Interesting post, thank you! I would agree with you that Roboadvisors are winners. They are clearly both creating and capturing value for ordinary retail investors, a space which has been long dominated by fund managers who charge a sizeable percentage of AUM. While I agree with some of our classmates above that the unit economics for robo advisors are currently in question because of high CACs, I believe that this is only because this concept hasn’t caught the awareness of retail investors at large yet. And I feel that is so because passive investing has only started to become more popular than active investing amongst retail investors in the last few years. After all, passive investing is the foundation on which robo advisors’ algorithms work. I would imagine that the day is not far when the bulk of the market moves towards robo advisors for retail investors (maybe institutional too some day but that day is much farther). After all, which retail investor would want to receive 6% through an active fund manager (actually only 4% after the fund manager’s fees have been deducted) but stand to gain 6% or more through robo investing? Once it becomes well known that passive investing through ETFs and index tracking funds are over the long term yielding similar or better results than active fund managers, robo investing will be the hottest form of retail investing.
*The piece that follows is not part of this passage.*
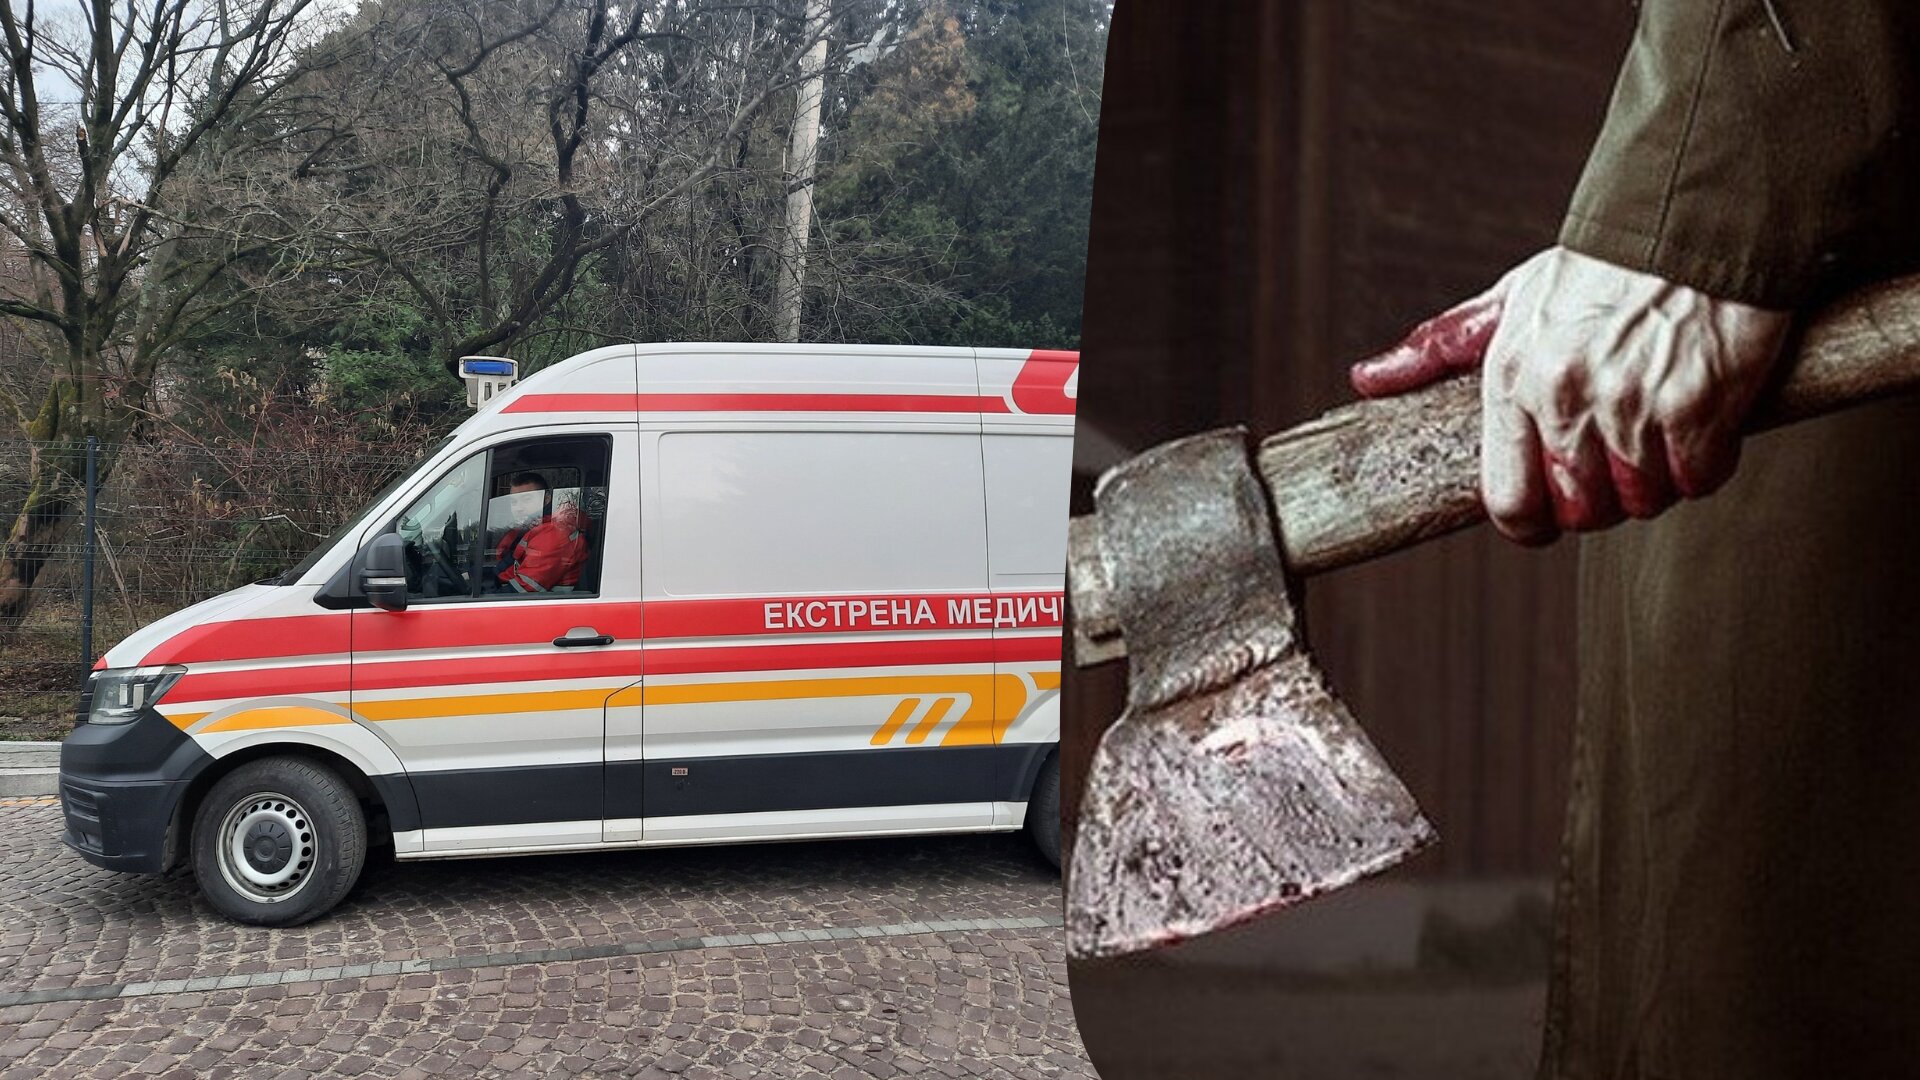 На Львівщині медики екстреної служби під час виклику знайшли тіло вбитого чоловіка та ледве не стали жертвами нападу рецидивіста з сокирою.

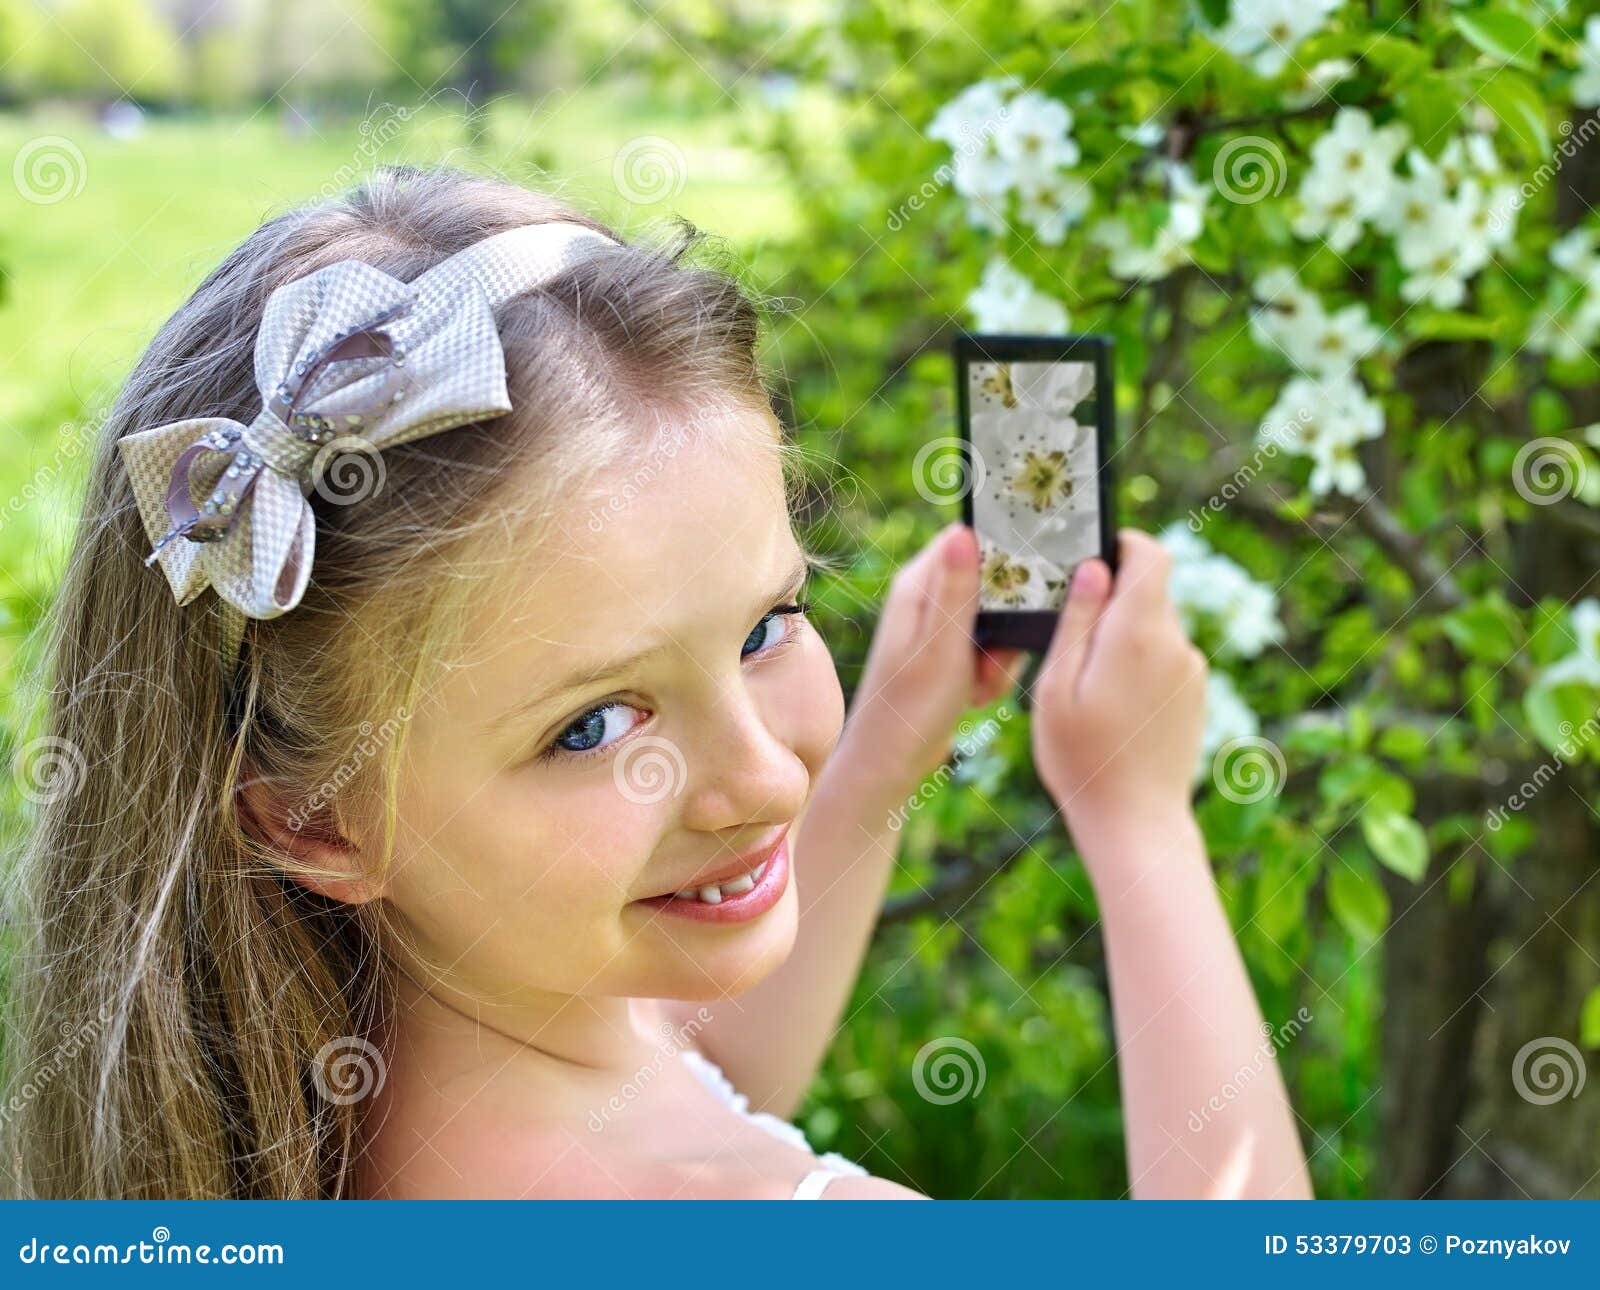 girl snapshot blossoming tree

On February 1, 2018, Saurav Patyal commented on Juicero: how much would you pay for your juice? :

Thank you for your post! I found this story very interesting and hadn’t actually heard about it, unlike most of our classmates. What strikes me as the most surprising is the initial price tag of $700 and lack of product testing with consumers, which ultimately resulted in this fiasco. I would imagine that founders thought they are catering to a certain segment of society who were ok paying that much money for something that perhaps wasn’t as valuable, when they first put the price tag. Their way of capturing “value” I guess. But, did they realize that they weren’t creating that much value in the first place? I would imagine the juice from a NutriBullet to be equally nutritious as their juicer. Did they bother to do a comparison? A big takeaway from this is how every entrepreneur should clearly articulate additional (consumer) value created from his or her own product vs competitors’. A second takeaway is a reinforcement from what we learned in TEM – do consumer testing iteratively until you have found your product-market fit.